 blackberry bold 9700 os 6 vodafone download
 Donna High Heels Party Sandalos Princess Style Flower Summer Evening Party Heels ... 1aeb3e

========================

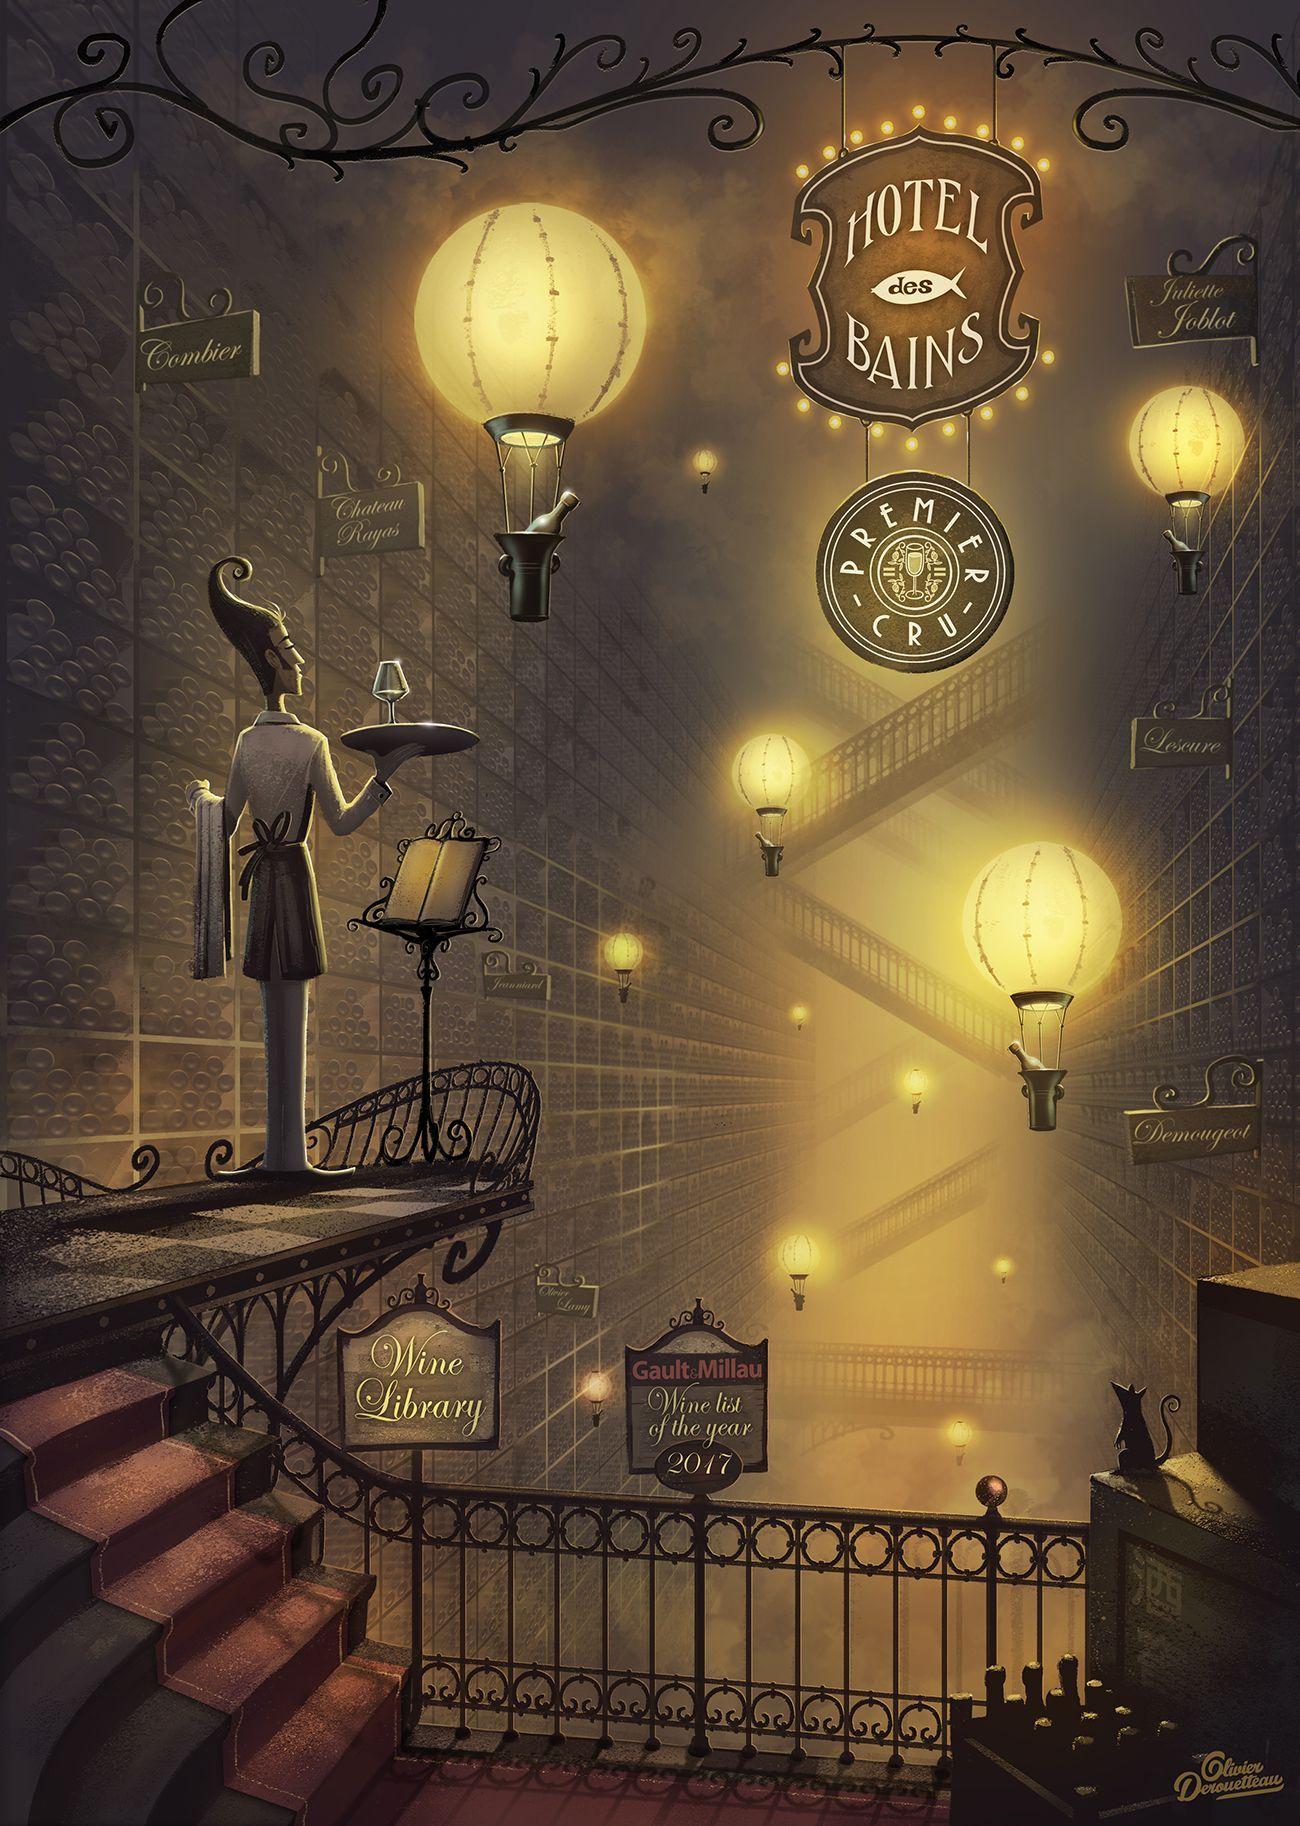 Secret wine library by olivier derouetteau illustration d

========================

When the line with "blackberry bold 9700 os 6 vodafone download" is reached in the data above, begin copying, and stop after the line with "Donna High Heels"; copy each line exactly, both ends included.

- Your solution:
 blackberry bold 9700 os 6 vodafone download
 Donna High Heels Party Sandalos Princess Style Flower Summer Evening Party Heels ... 1aeb3e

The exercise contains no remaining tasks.